A few weeks ago I read about Twitter Times on TechCrunch and it really piqued my curiosity. The service creates a custom news page for you based on the people you follow on Twitter. It also takes into account the people that your followers follow probably to provide some additional data to help the algorithm calculate the higher priority stories.
I recently wrote about understanding the value of Lifestreaming. In that post I discussed how I’m really looking forward to new apps and services that will provide curated content across the various services that I interact on based on my social graph. Get used to seeing the words “Curate” and “Social Graph” used pretty heavily in the year to come. I’m abusing those words and MG also mentioned them in his post.
Lifestreaming and other technologies have done a fantastic job allowing the masses generate an incredibly large amount of content very quickly. Filtering the noise is a common topic that is discussed as a problem that has resulted from this. The next evolution of Lifestreaming really needs to find ways to tackle this problem.
Which brings me back to Twitter Times. I signed up immediately after MG’s post and was lucky to recently have been provided access to the service. Look at the screenshot below from my latest issue.

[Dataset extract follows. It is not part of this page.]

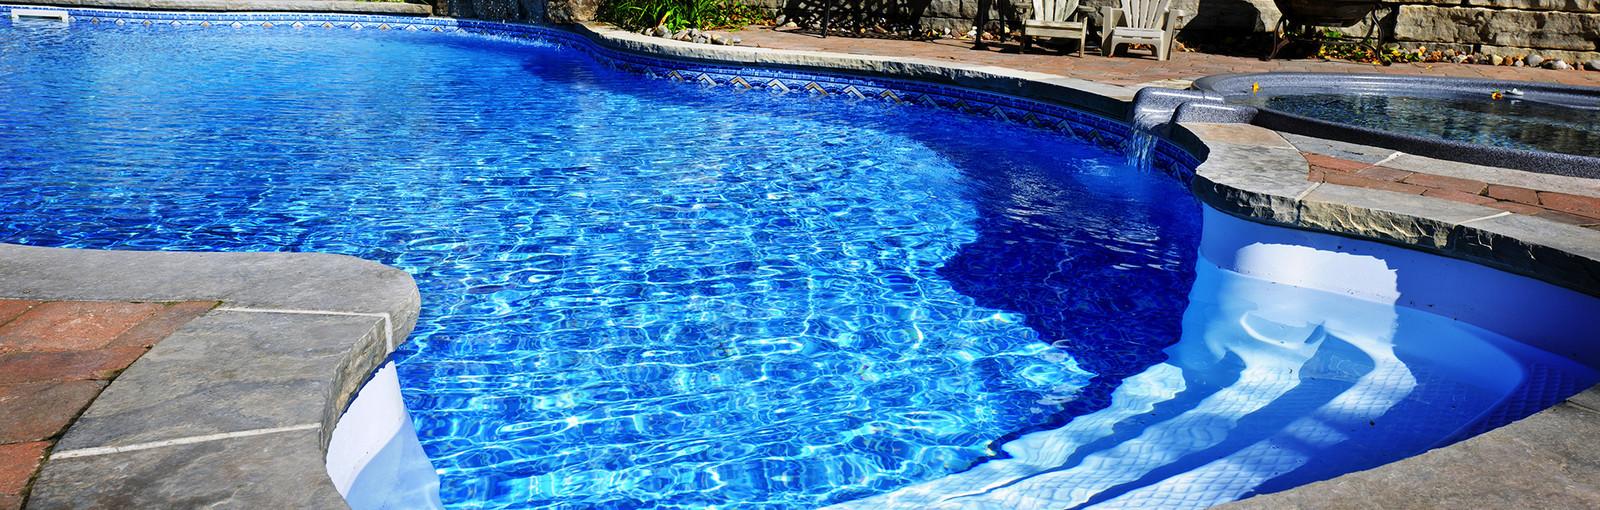 Complete Pool Heaters

Click image to view my current page
You can see that it provides a newspaper / magazine layout that lists all of the items. The items are prioritized based on the number of your followers that tweeted links to the item. The first column provides the “hot” items which appear to be more recent links with an image if available. The right column shows the top stories for a larger range of time. Overall I think this is a great service. It allows me to not worry so much about monitoring my Twitter stream for fear I might miss something. I can just leisurely pull up this page at my convenience and see what the people I follow have found interesting.
I’m sure some people may say that Google Reader is now a good platform for this with their new social features. But unfortunately the barriers are a little higher for that to be effective. It requires you to build a large group of friends on there that will also actively use the service to share items from their feeds. I just don’t see it becoming as effective as Twitter Times which gains it’s content in an arguably more effective way by tapping Twitter.

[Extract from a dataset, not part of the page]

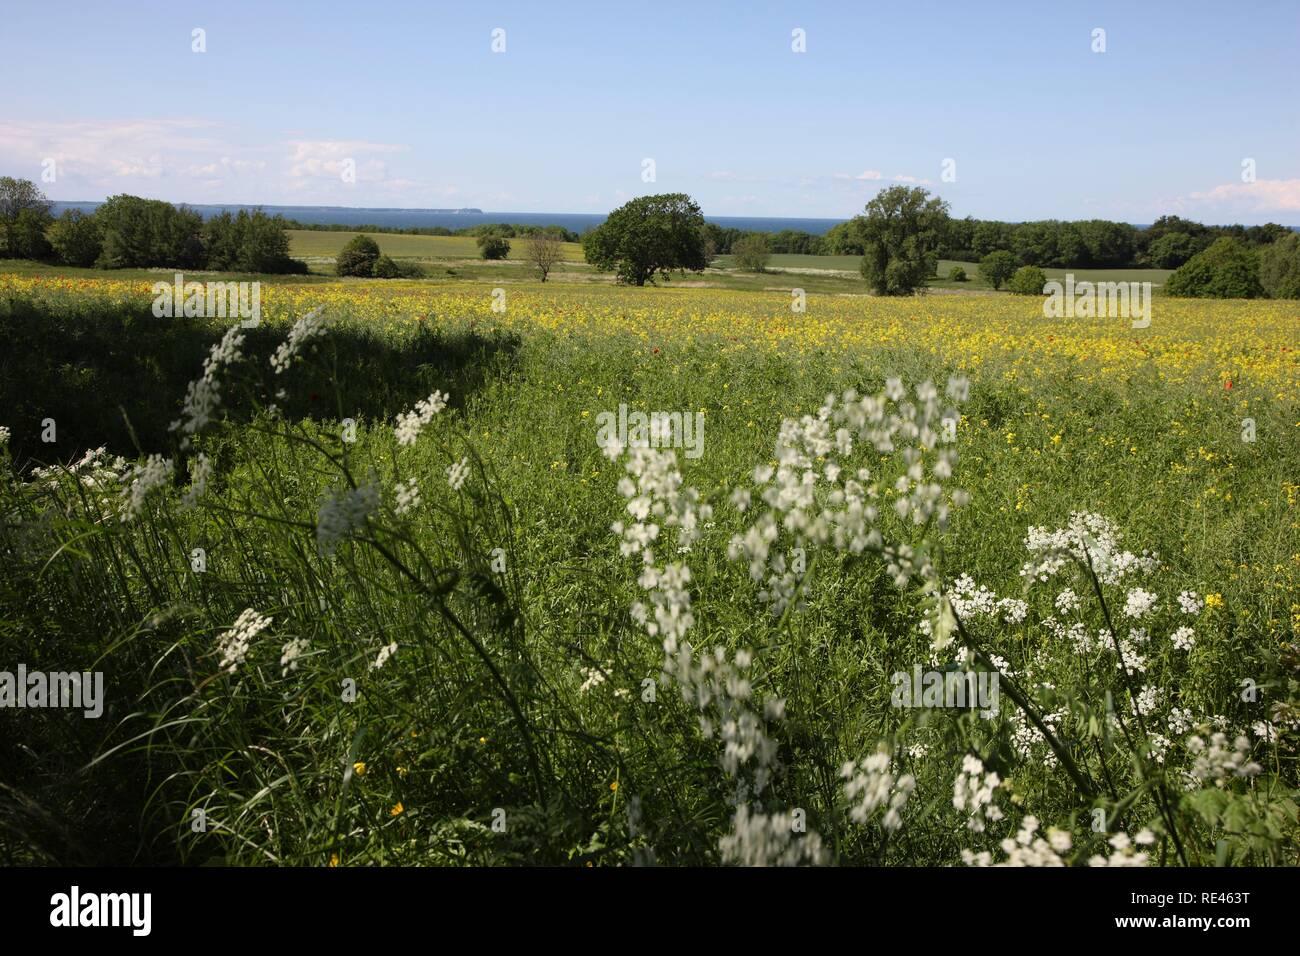 Meadows on the Baltic coast on the Jasmund peninsula, northeast of the Ruegen island, Mecklenburg-Western Pomerania - Stock Image

That said there are definitely some tweaks that would be nice. MG pointed out that Kevin Marks had asked if they could omit links that are sent out by us which makes sense. I would also like to see an RSS feed for the data provided so I can view it in list form if I wanted. Some more interesting tweaks would be to build custom pages based on my Twitter user lists (once that feature goes public). Also if I could add higher weight to certain people I follow. In any case this is a great effort and I continue to look forward to many more apps that take this approach to other services such as Flickr, YouTube, Delicious and the like. And if they do it from all services on one page, well then we have a curated Social Stream. I can dream right?
Brilliant idea. Now I don't have editors who aren't friends telling me what I ought to read in the morning.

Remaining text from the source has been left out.